• _EXERCISE OBJECTIVE_
Pictures do not belong in your copy. Repeat all the other data exactly.

• _AVAILABLE DATA_
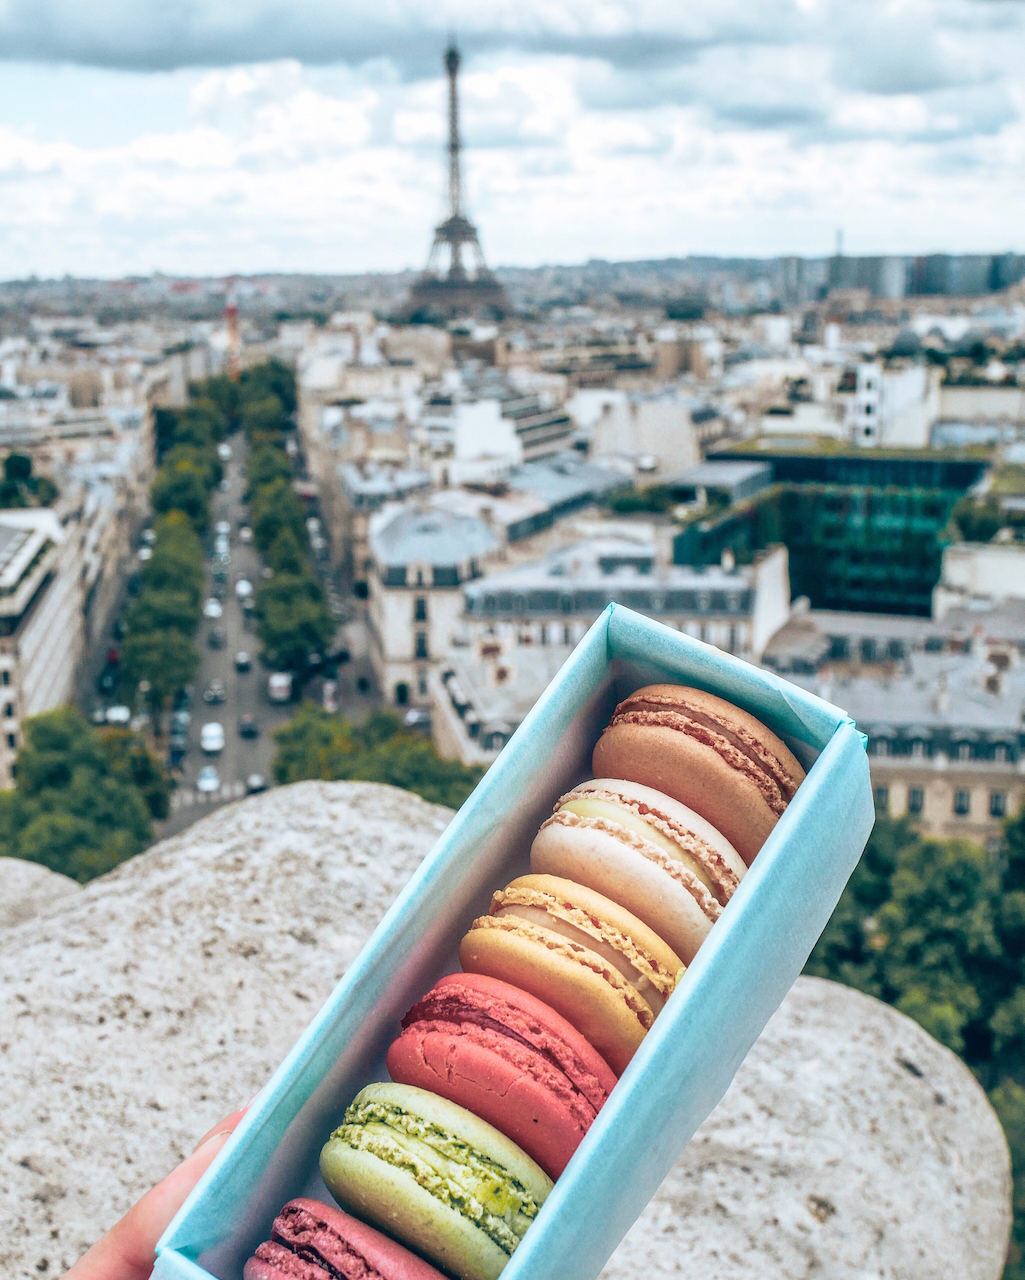 Boîte de macarons Ladurée au sommet de l'arc-de-triomphe avec vue sur la Tour Eiffel - Paris - France
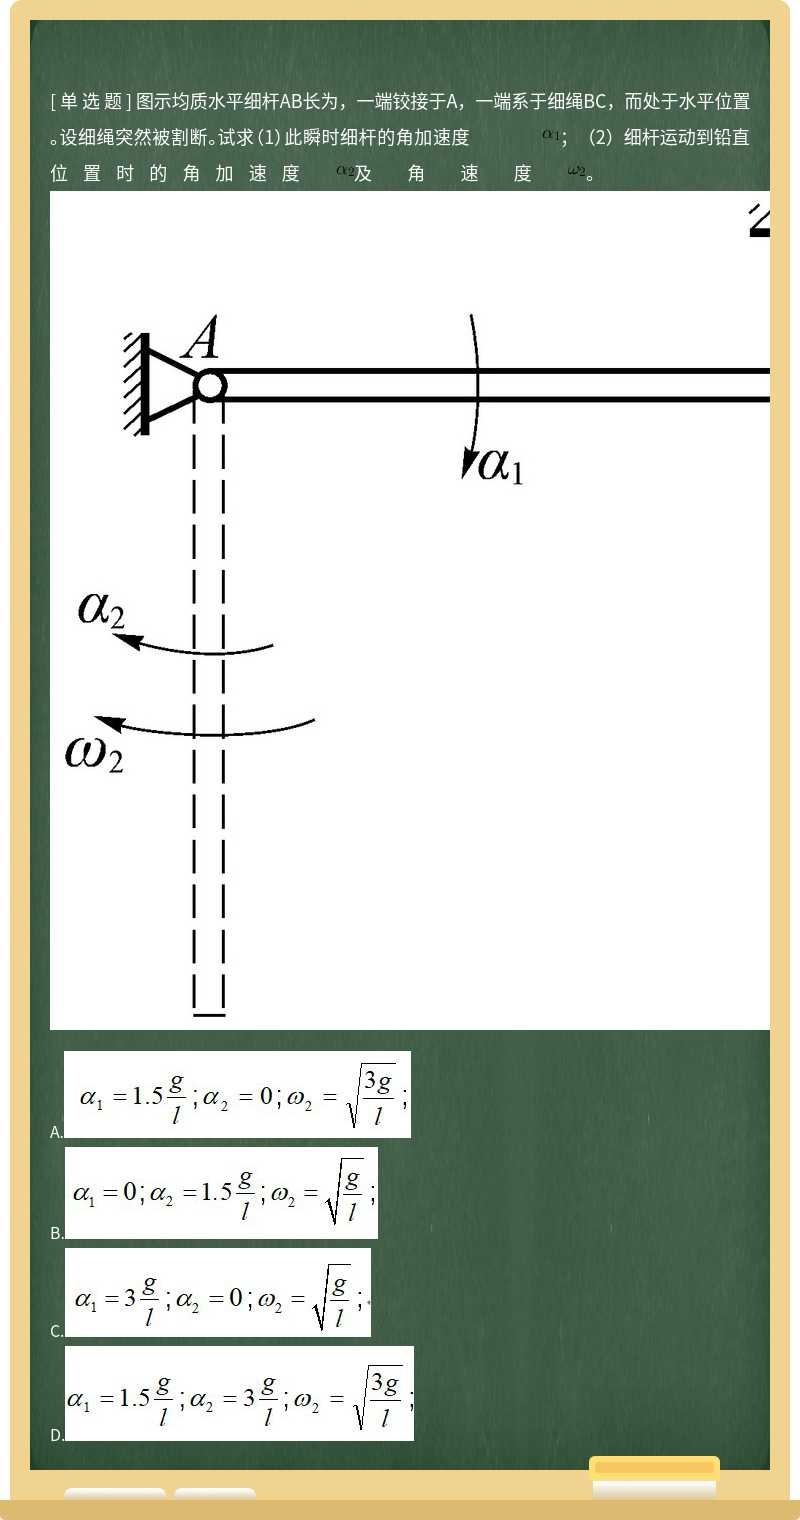 图示均质水平细杆AB长为，一端铰接于A，一端系于细绳BC，而处于水平位置。设细绳突然被割断。试求（1）此瞬时细杆的角加速度         ；（2）细杆运动到铅直位置时的角加速度         及角速度         。          
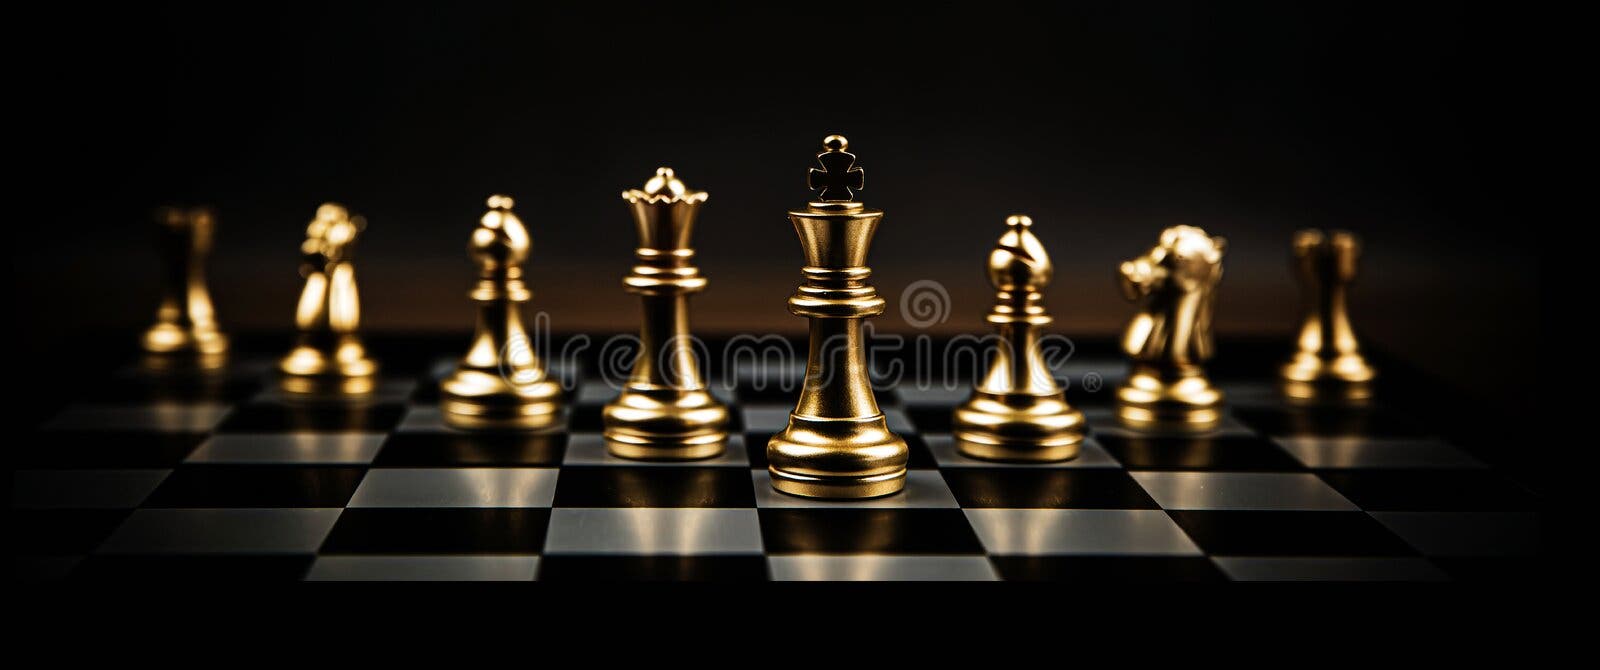 A Peça De Xadrez Do Rei Dourado Que Fica No Tabuleiro De Xadrez. Imagem de  Stock - Imagem de potência, partes: 247381585
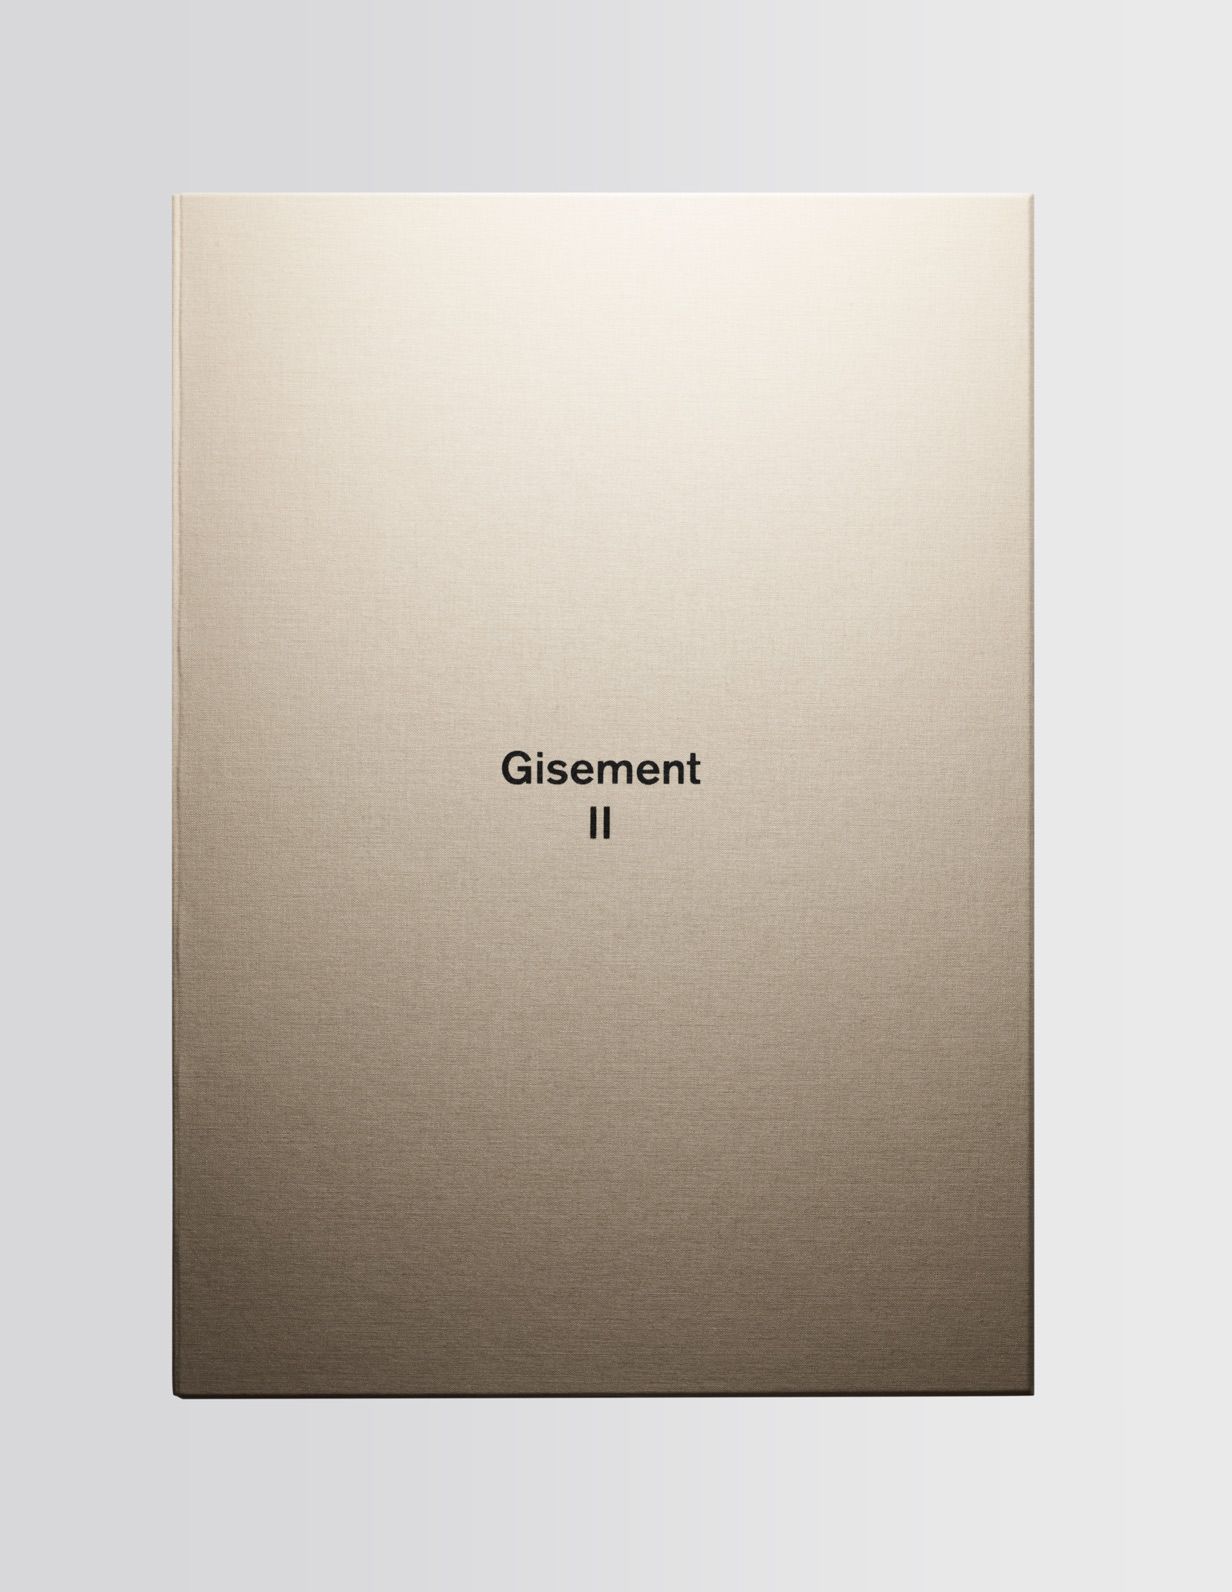 Gisement II

• _OUTPUT FOR THIS TASK_
 Boîte de macarons Ladurée au sommet de l'arc-de-triomphe avec vue sur la Tour Eiffel - Paris - France
 图示均质水平细杆AB长为，一端铰接于A，一端系于细绳BC，而处于水平位置。设细绳突然被割断。试求（1）此瞬时细杆的角加速度         ；（2）细杆运动到铅直位置时的角加速度         及角速度         。          
 A Peça De Xadrez Do Rei Dourado Que Fica No Tabuleiro De Xadrez. Imagem de  Stock - Imagem de potência, partes: 247381585
 Gisement II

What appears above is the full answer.